_YOUR GOAL_. Leave the pictures out, and transcribe the material below exactly from the line with "AK Table Top Brushes Set 0, 1, 2" to the line with "PULSAR Decal Pulsar Turbo Systems(PSR)", both lines included.

_INFORMATION SUPPLIED_.
──────
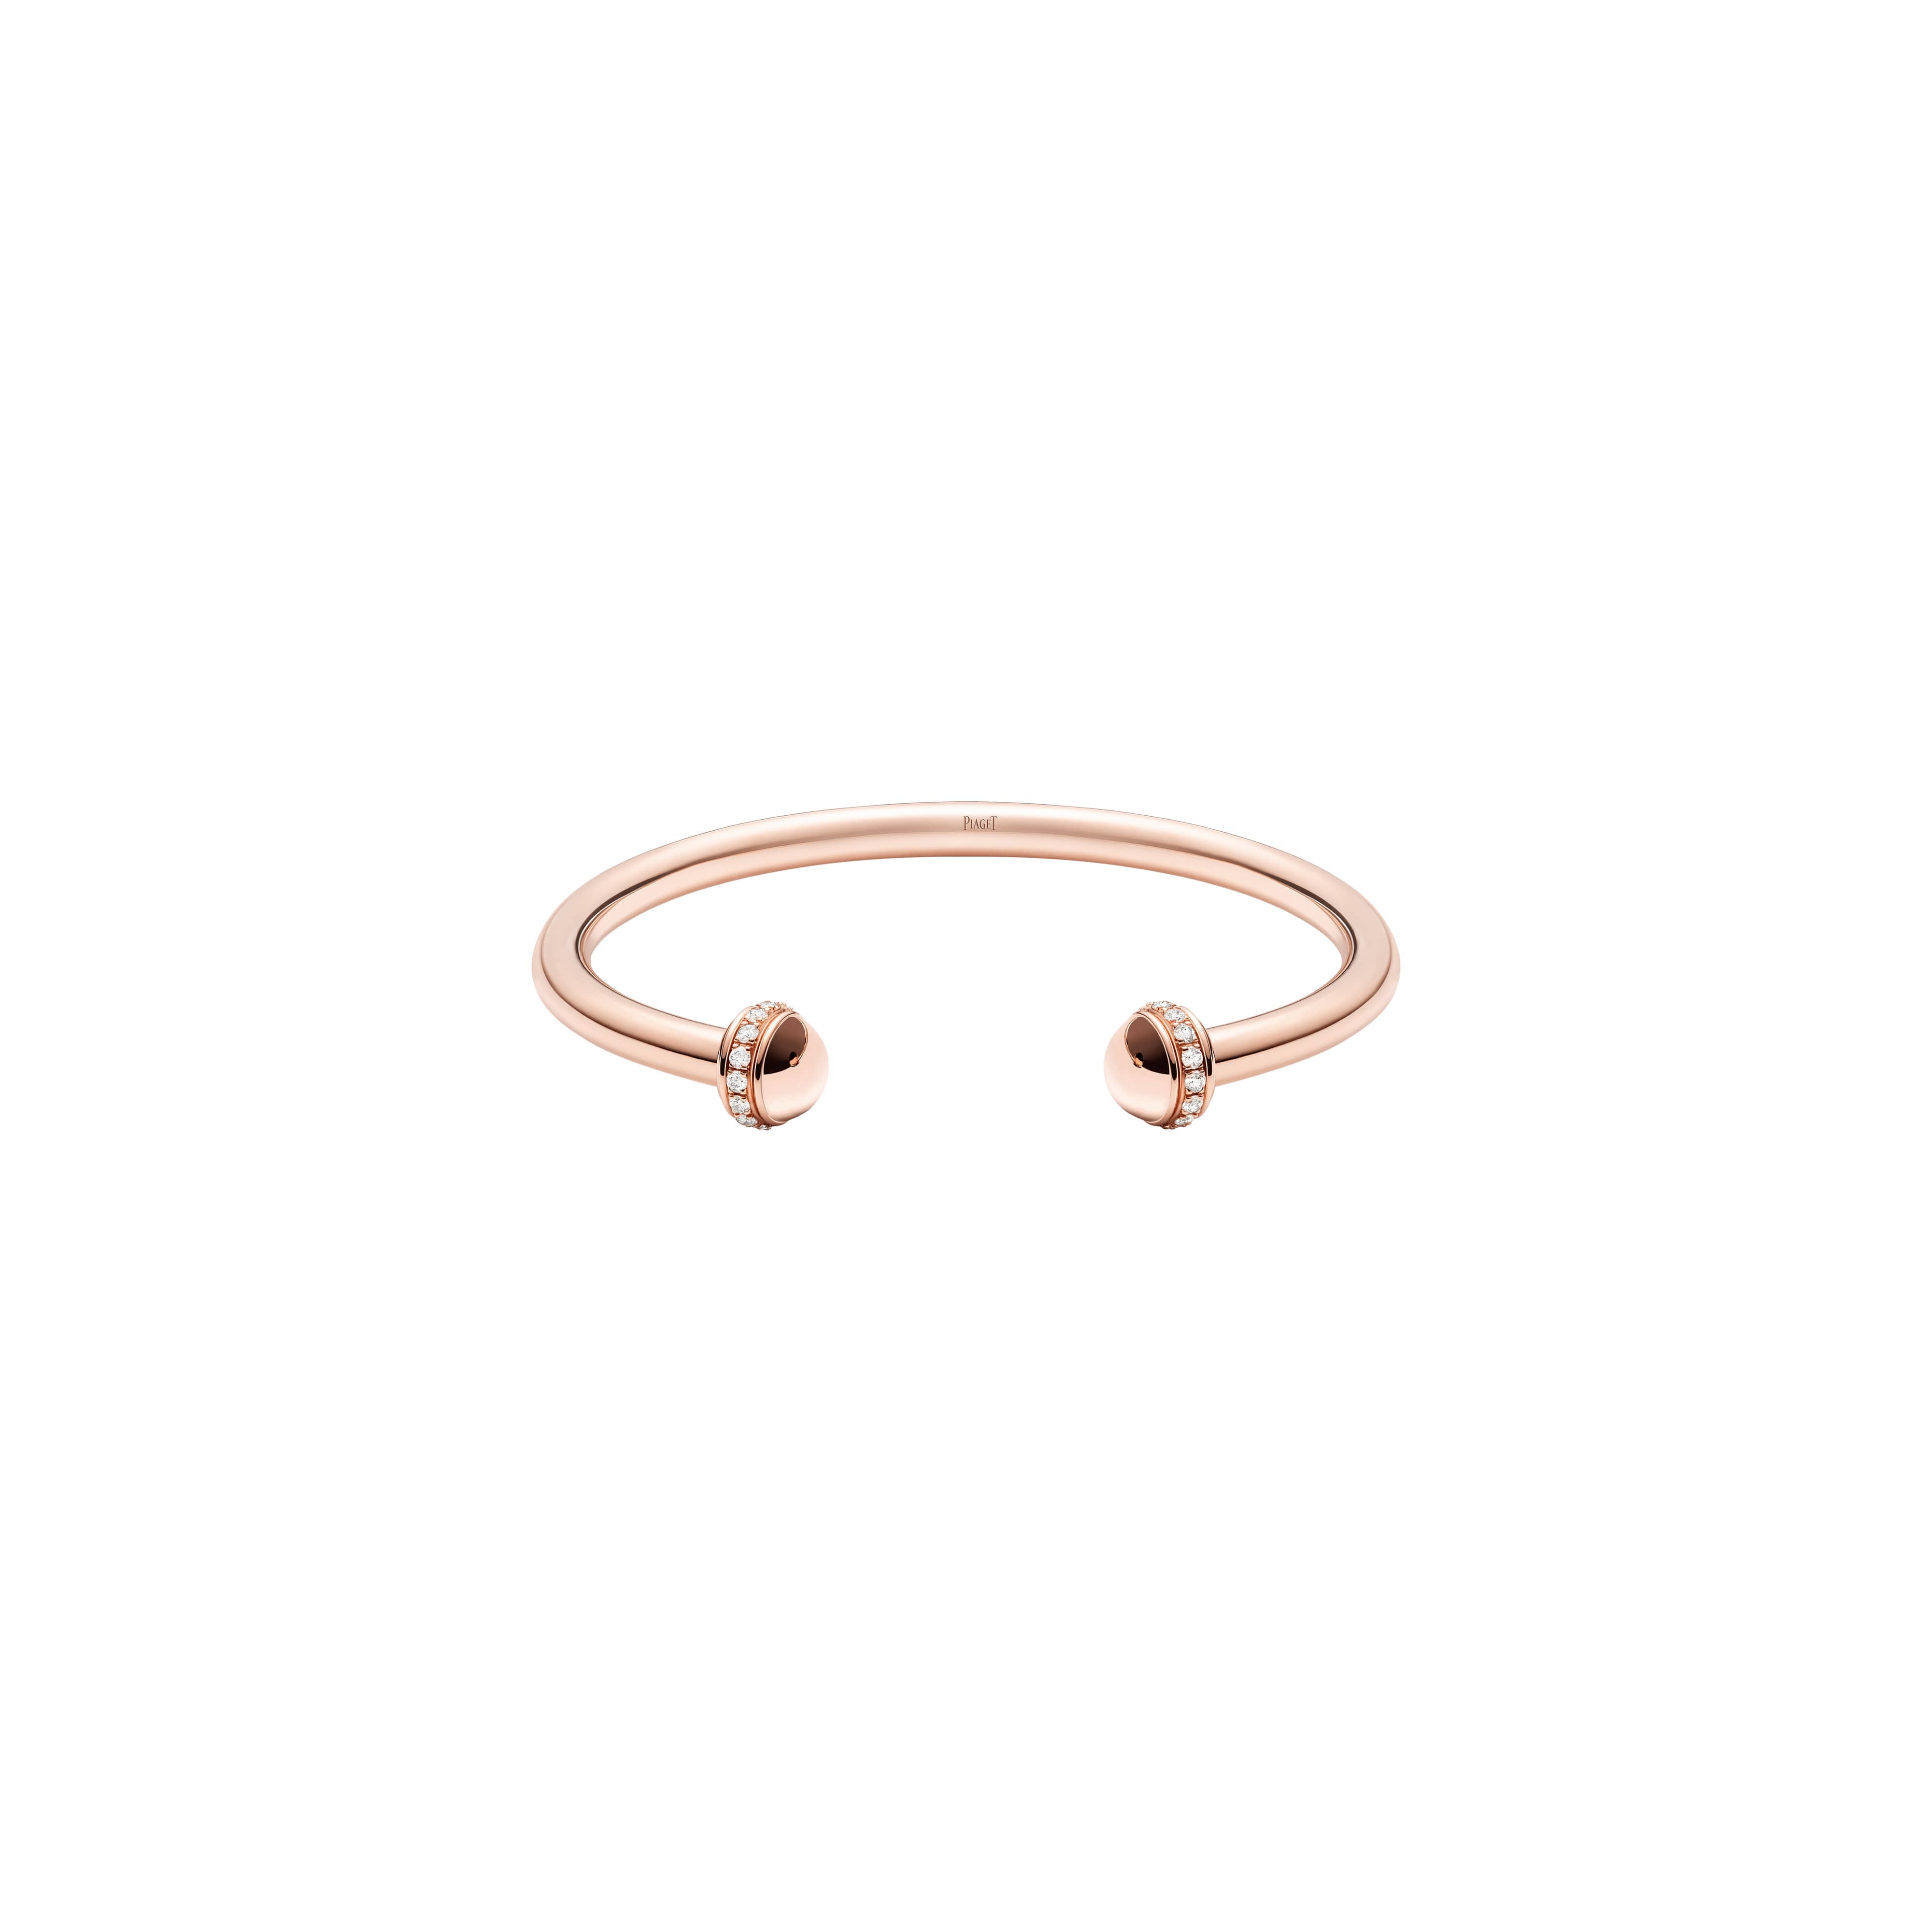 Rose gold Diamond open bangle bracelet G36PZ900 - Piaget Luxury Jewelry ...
──────
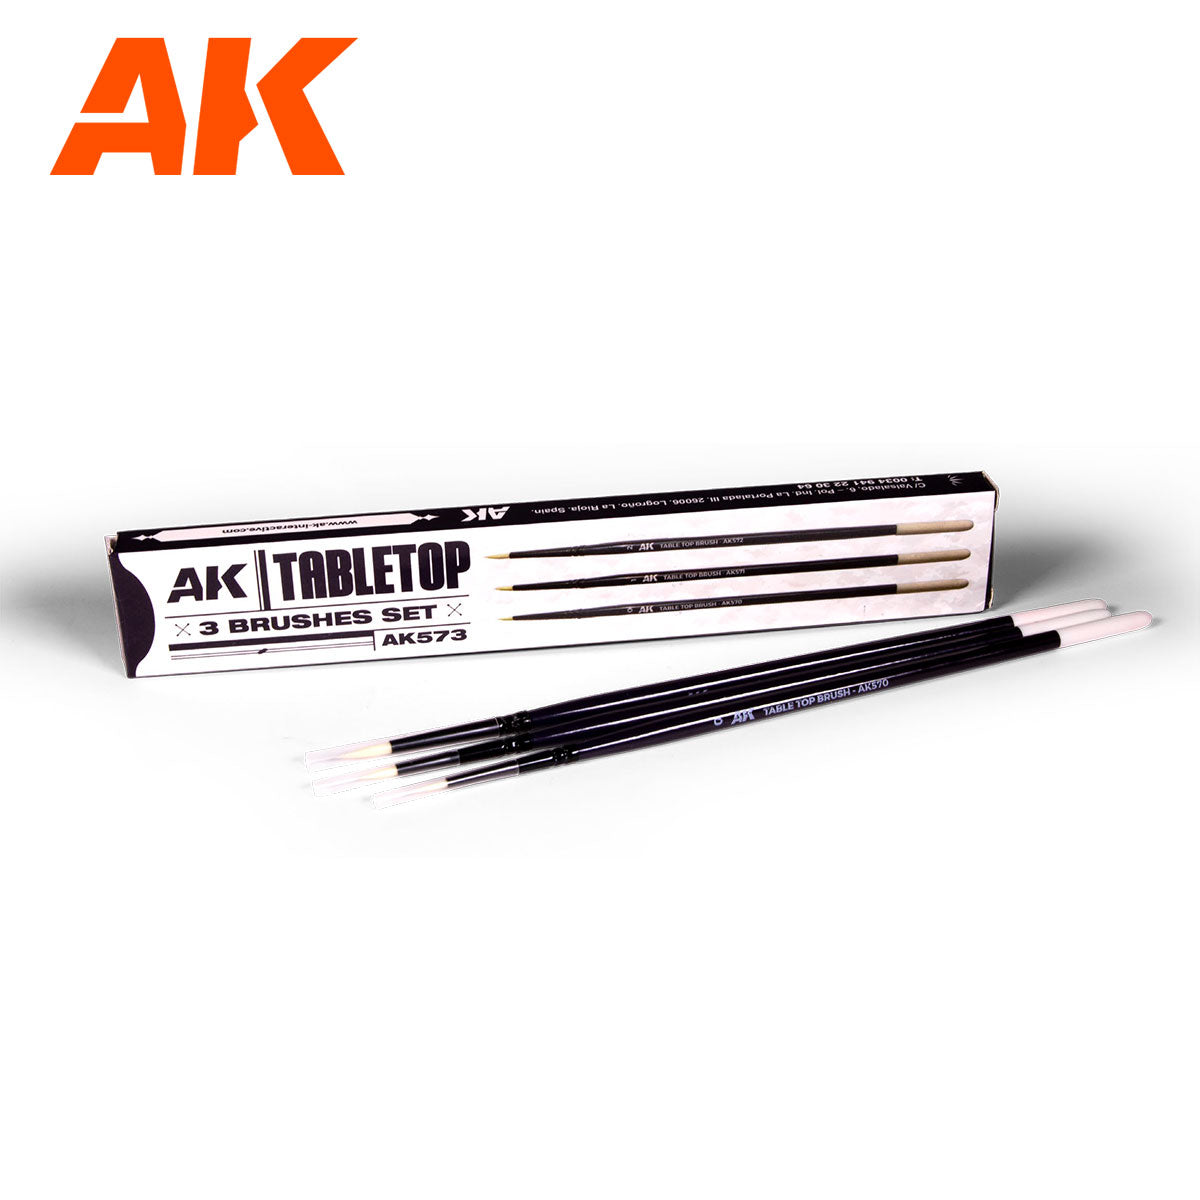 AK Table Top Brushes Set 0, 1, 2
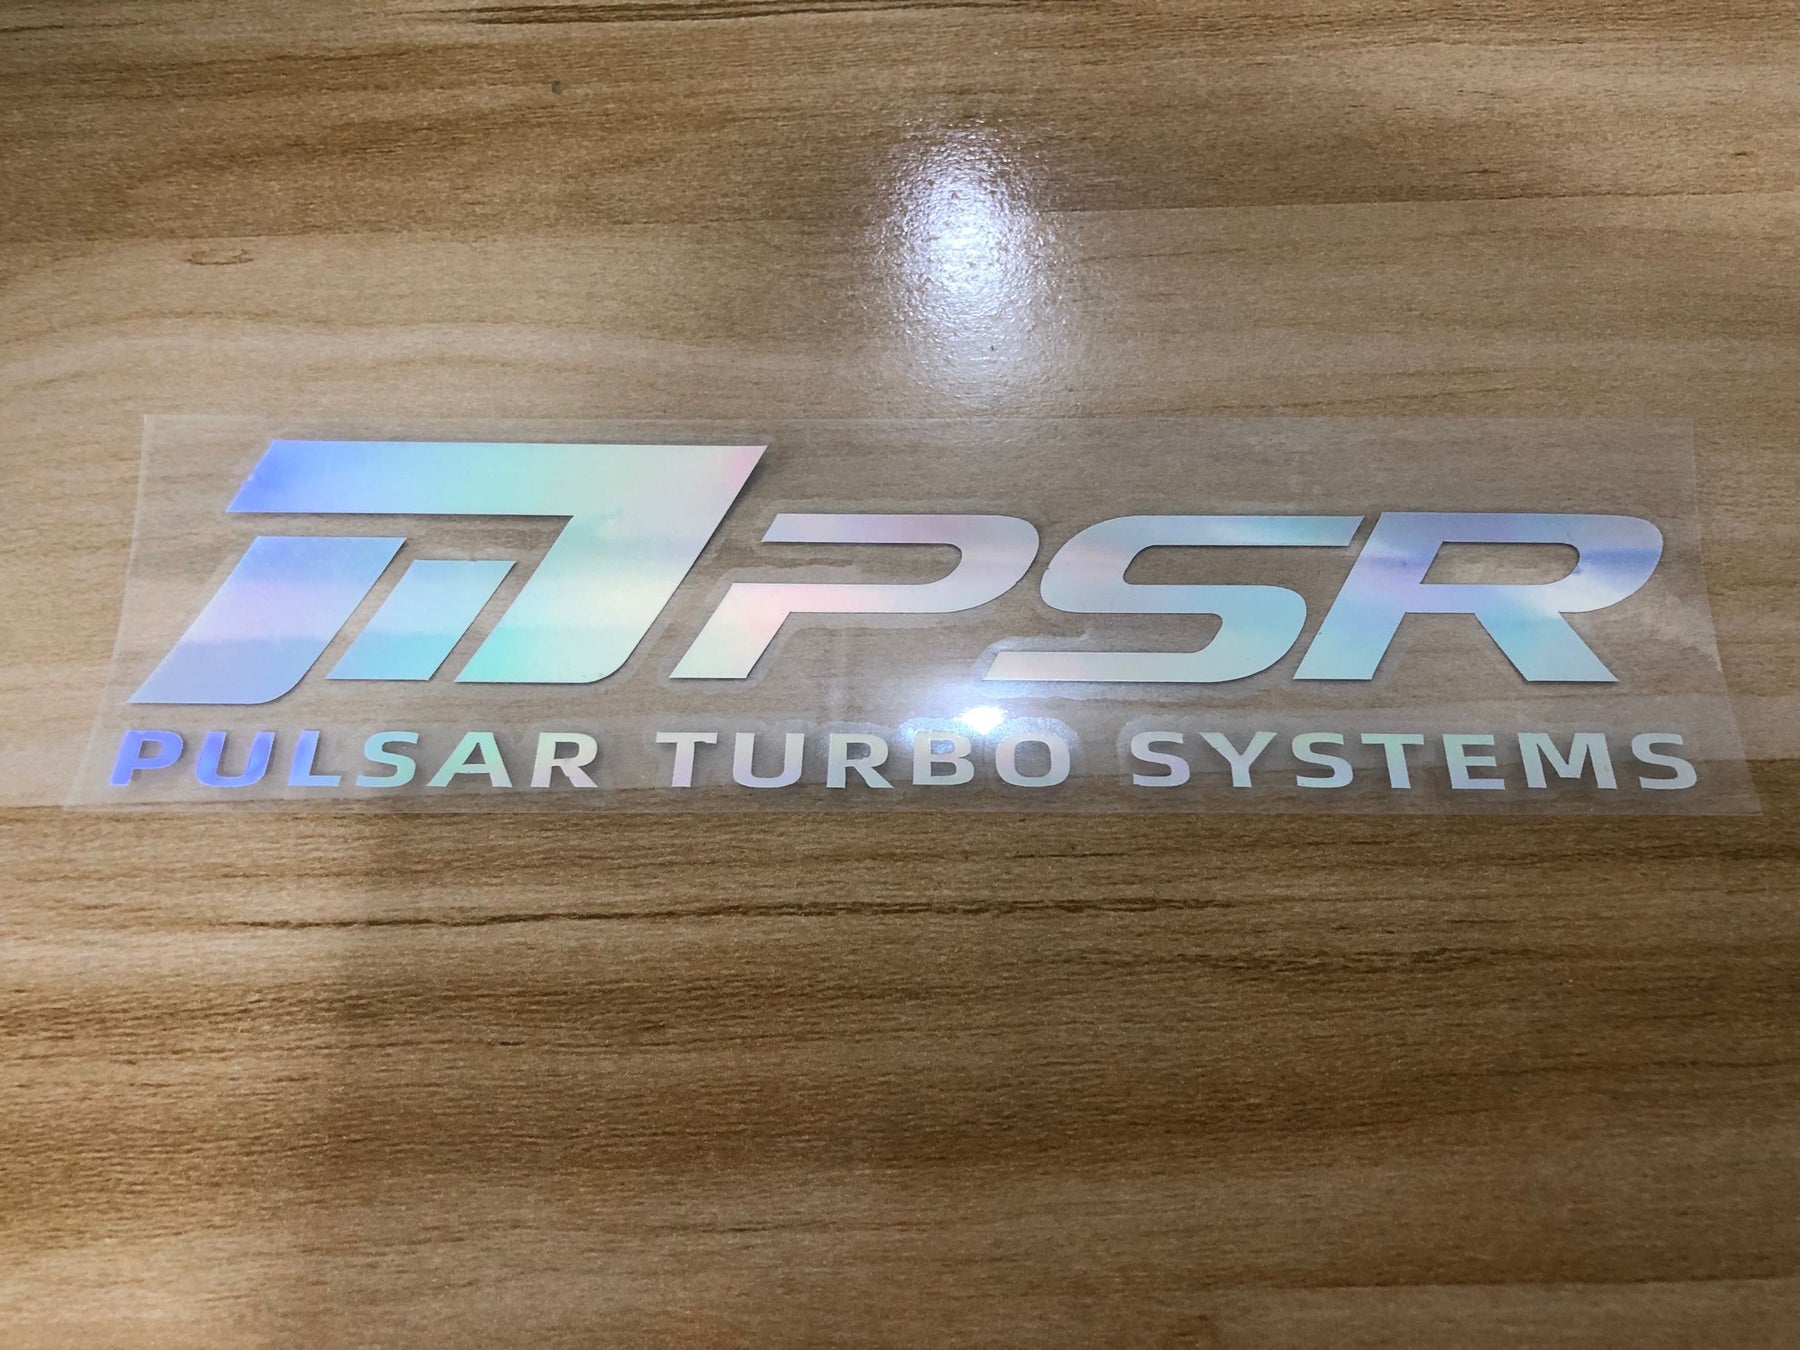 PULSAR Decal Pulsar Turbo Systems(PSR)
──────
_FINISHED TASK_.
 AK Table Top Brushes Set 0, 1, 2
 PULSAR Decal Pulsar Turbo Systems(PSR)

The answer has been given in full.